There are other negative aspects to the current capitalist system. The extent that each company works with the natural resources like air and water are also subject to whatever local government agency is monitoring them. The large American companies (and some from other countries) found a convenient way around that unfortunate 'problem' by shipping their manufacturing plants first to Mexico, and after noticing some wage pressures there, later to China and Southeast Asia where the governments were willing to sacrifice their workers and their local environments (with the low wages, poor working conditions, and toxic pollution) to get companies to move there.
The original social structure of an economic model where the local community is able to monitor and protect against abuse of people and resources has been lost. The multinationals and the international banks are able to threaten economic hardship, by the removal of jobs and/or financial support, if their demands are not met.
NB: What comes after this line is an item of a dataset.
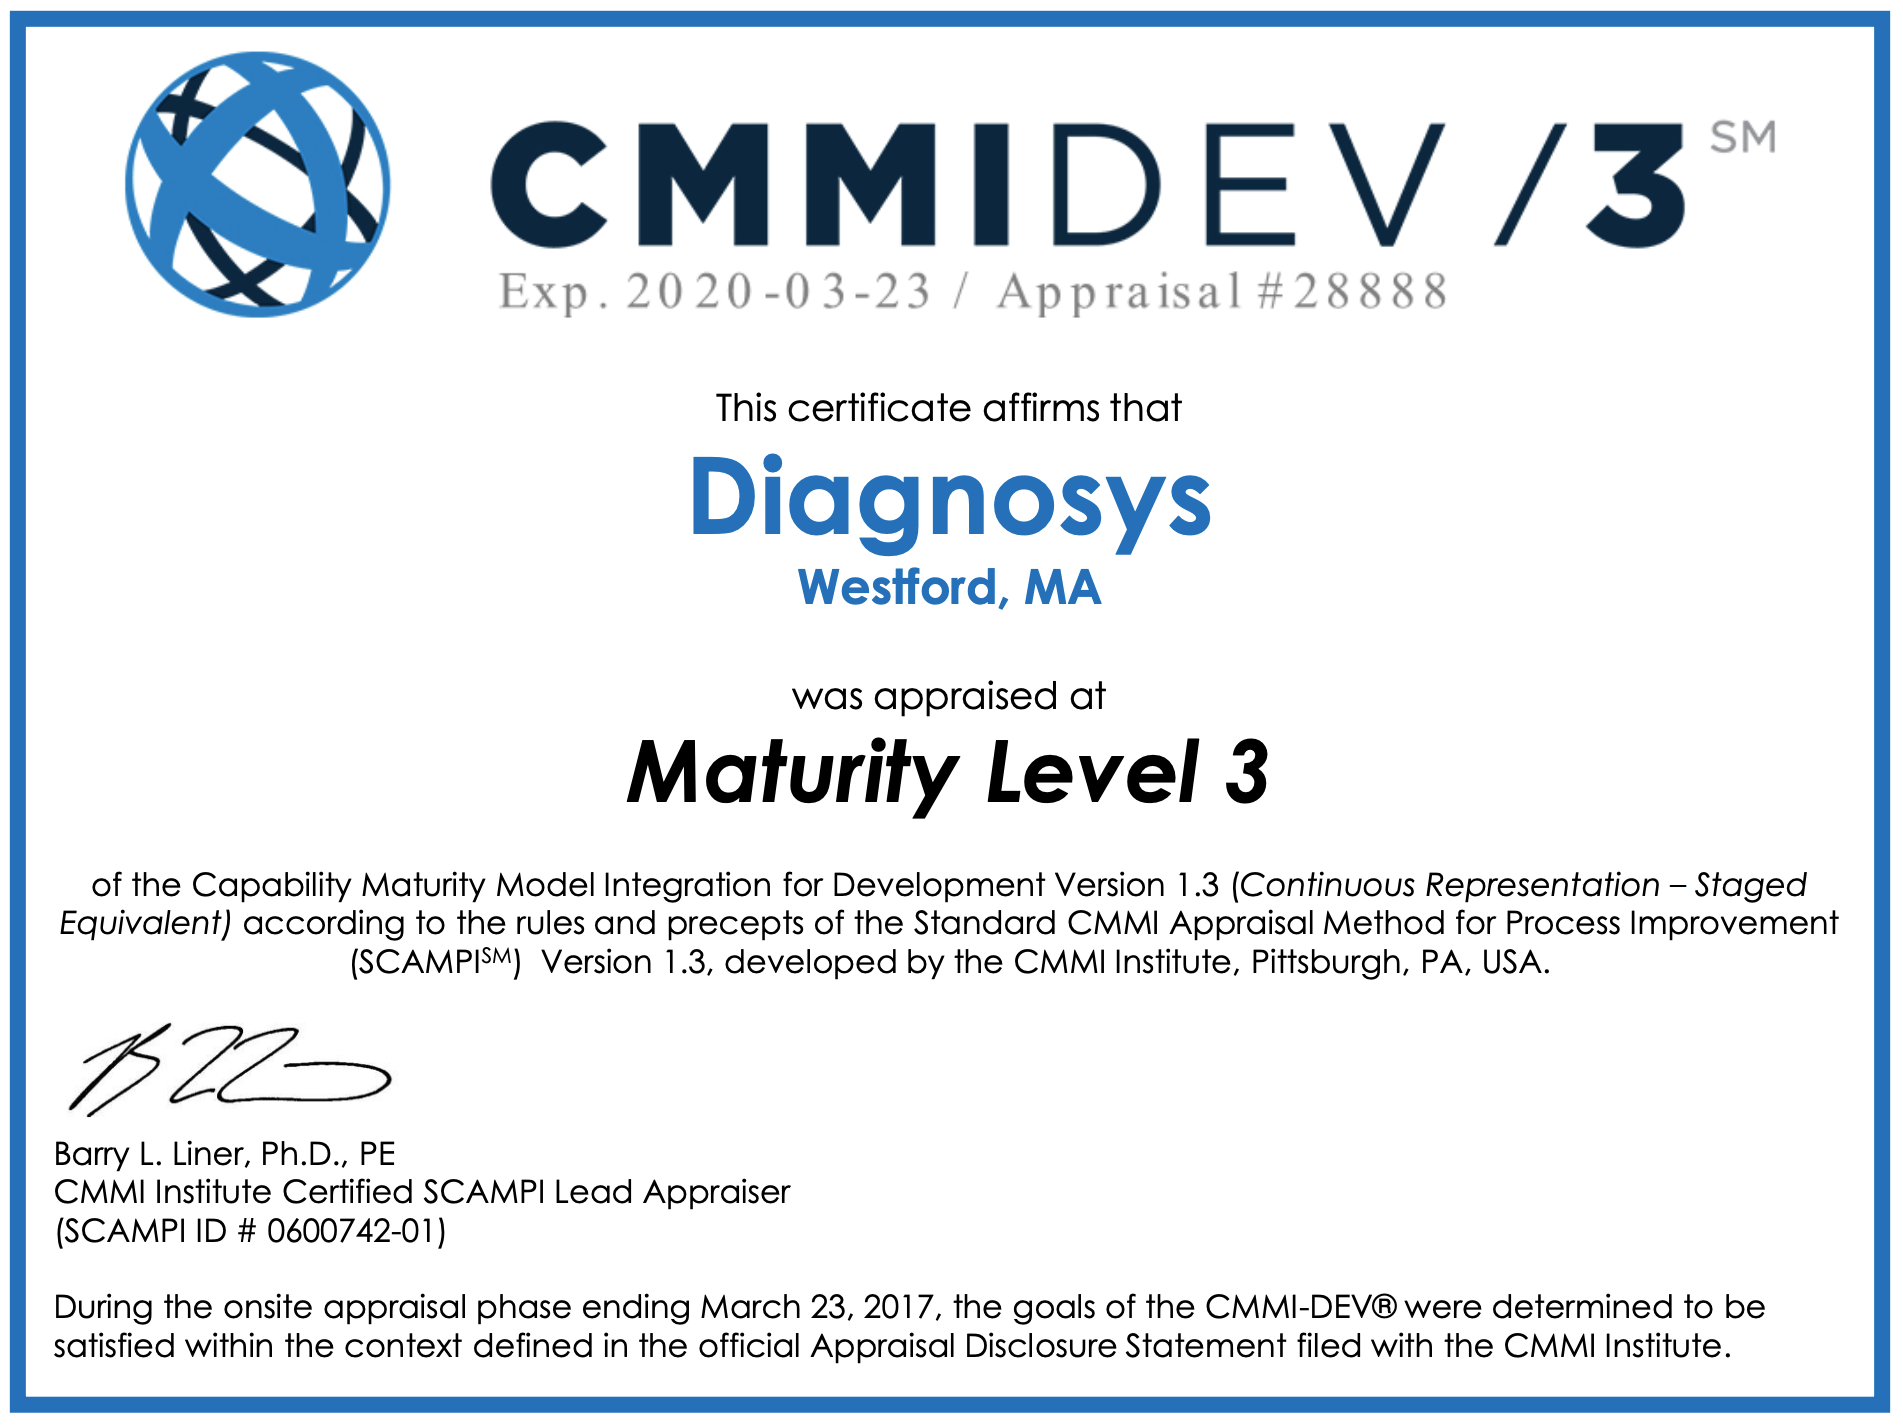 CMMI Institute. Cisi Level 3 Certificate. What is Original maturity Certificate.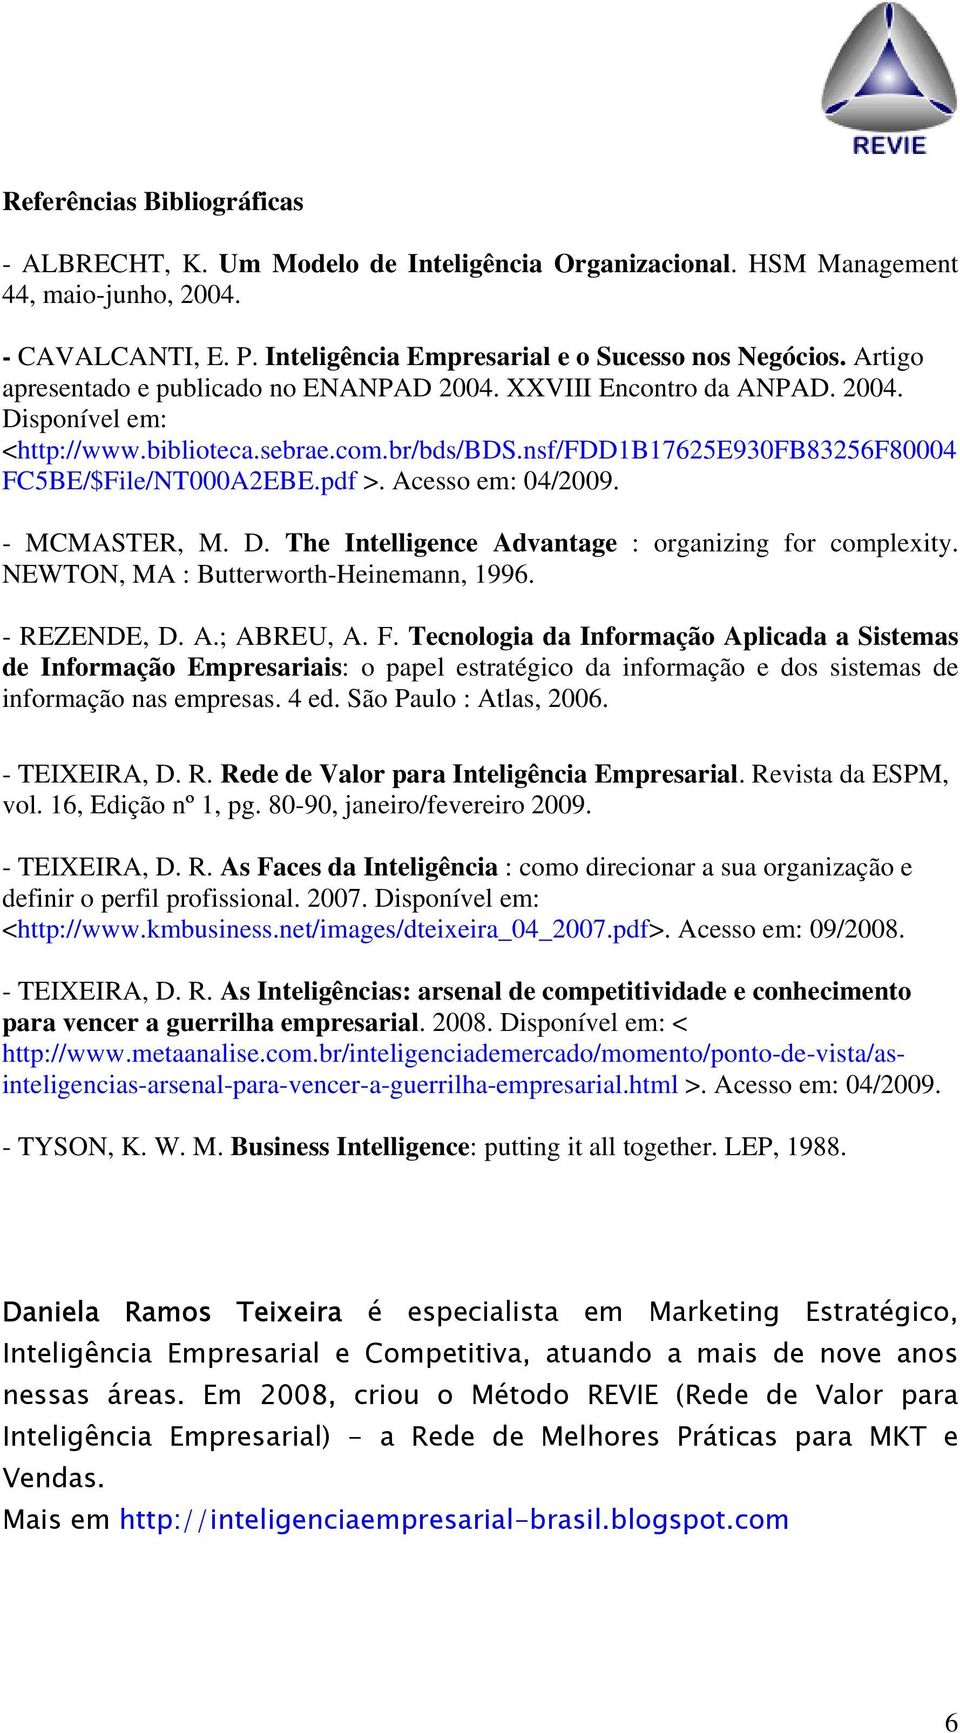 pdf >. Acesso em: 04/2009. - MCMASTER, M. D. The Intelligence Advantage : organizing for complexity. NEWTON, MA : Butterworth-Heinemann, 1996. - REZENDE, D. A.; ABREU, A. F.

When economies are managed with extortion as one of the foundations and the governments (and/or their agencies) are often openly in collusion with those corporations, I find it encouraging the Occupy Wall Street movement has found many people willing to publicly demonstrate during the current economic crisis. Unfortunately I cannot yet envision how the current capitalist system (at its current point of evolution) can be improved into one that is more humane. That transition must be difficult given how pervasive the current system is. I expect it to take many large public demonstrations to start a change, given the government has the army with guns and the corporations have the money with its control.